Самое интересное, что Игорю, учившемуся на искусствоведа, удалось убедить приятелей не высовываться, а благодарный ректор поставил в зачетке Васильева сплошные «отлично».

Игоря обожали девушки, им импонировала его красота, элегантность, отменные манеры, Васильев происходил из хорошей семьи, впереди его ждала престижная работа, а мать юноши явно имела немалый «золотой запас». Даже одной из вышеперечисленных причин хватило бы слабому полу, чтобы открыть охоту на Игоря, и к четвертому курсу у Васильева за плечами уже было два развода. Такое поведение не поощрялось, Игорю светила характеристика, убивавшая любую карьеру: «морально неустойчив». Но обаяние певчего дрозда Васильева распространилось и на бюро комсомола, поэтому он получил замечательную аттестацию, в которой яркими красками была расписана его политическая благонадежность и исключительная порядочность.

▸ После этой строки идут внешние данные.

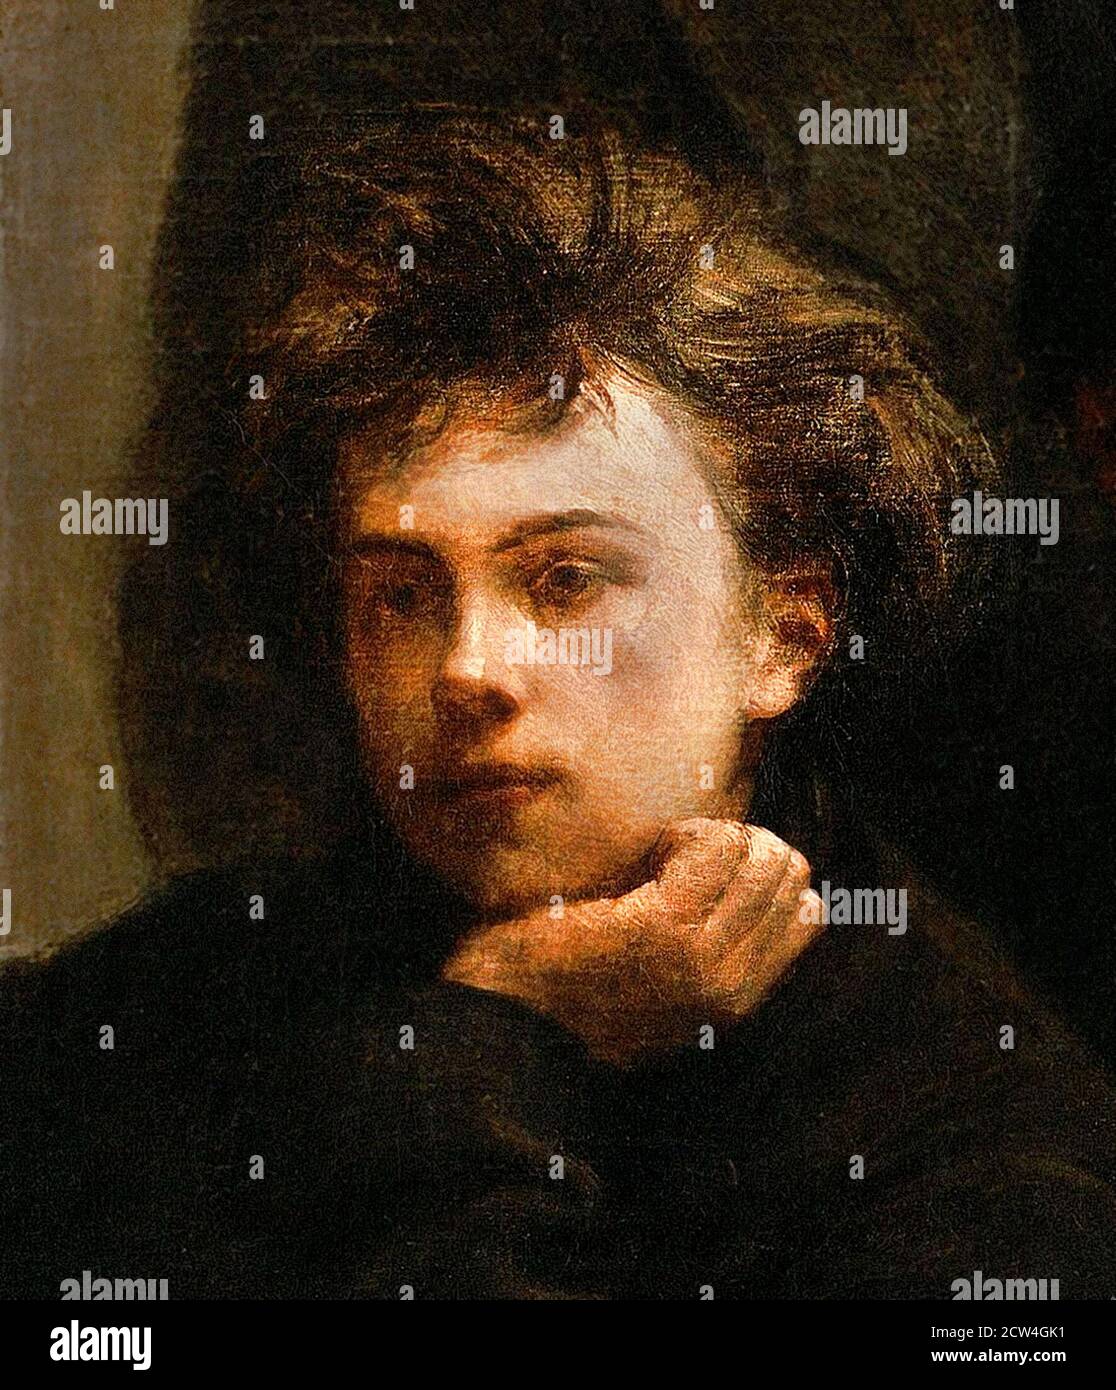 Arthur Rimbaud. Porträt des französischen Dichters Jean Nicolas Arthur Rimbaud (1854-1891), ca. 18 Jahre alt, von Henri Fantin-Latour, Öl auf Leinwand, 1872. Detail aus einem größeren Gemälde 'Coin de Table'. Stockfoto

Афанасия устроила сына на работу в музей имени Маркова[4], который имел статус научно-исследовательского института.

Через некоторое время весь коллектив влюбился в Васильева, и это было вполне объяснимо. Подавляющее большинство сотрудников составляли женщины, Игорек оказался в настоящем малиннике, но парень вел себя очень осторожно, ни с кем интимных отношений не заводил и получил кличку Милый Котик.

Спустя год Милый Котик женился на неприметной внешне, но очень умной Ане Корольковой. Сначала музейные бабы опешили, потом стали шептать по углам.

– Ну и ну! Что он в ней нашел? Жуткая образина, страшнее атомной войны! – говорили одни.

– Игорь балбес, до сих пор ничего для диссертации не сделал, Аня ему враз ее напишет, – сплетничали другие.

– Надоело его матери домработнице платить, – злобствовали третьи. – Анька тихая, будет у них хозяйство вести.

– Он с ней скоро расплюется, – надеялись четвертые.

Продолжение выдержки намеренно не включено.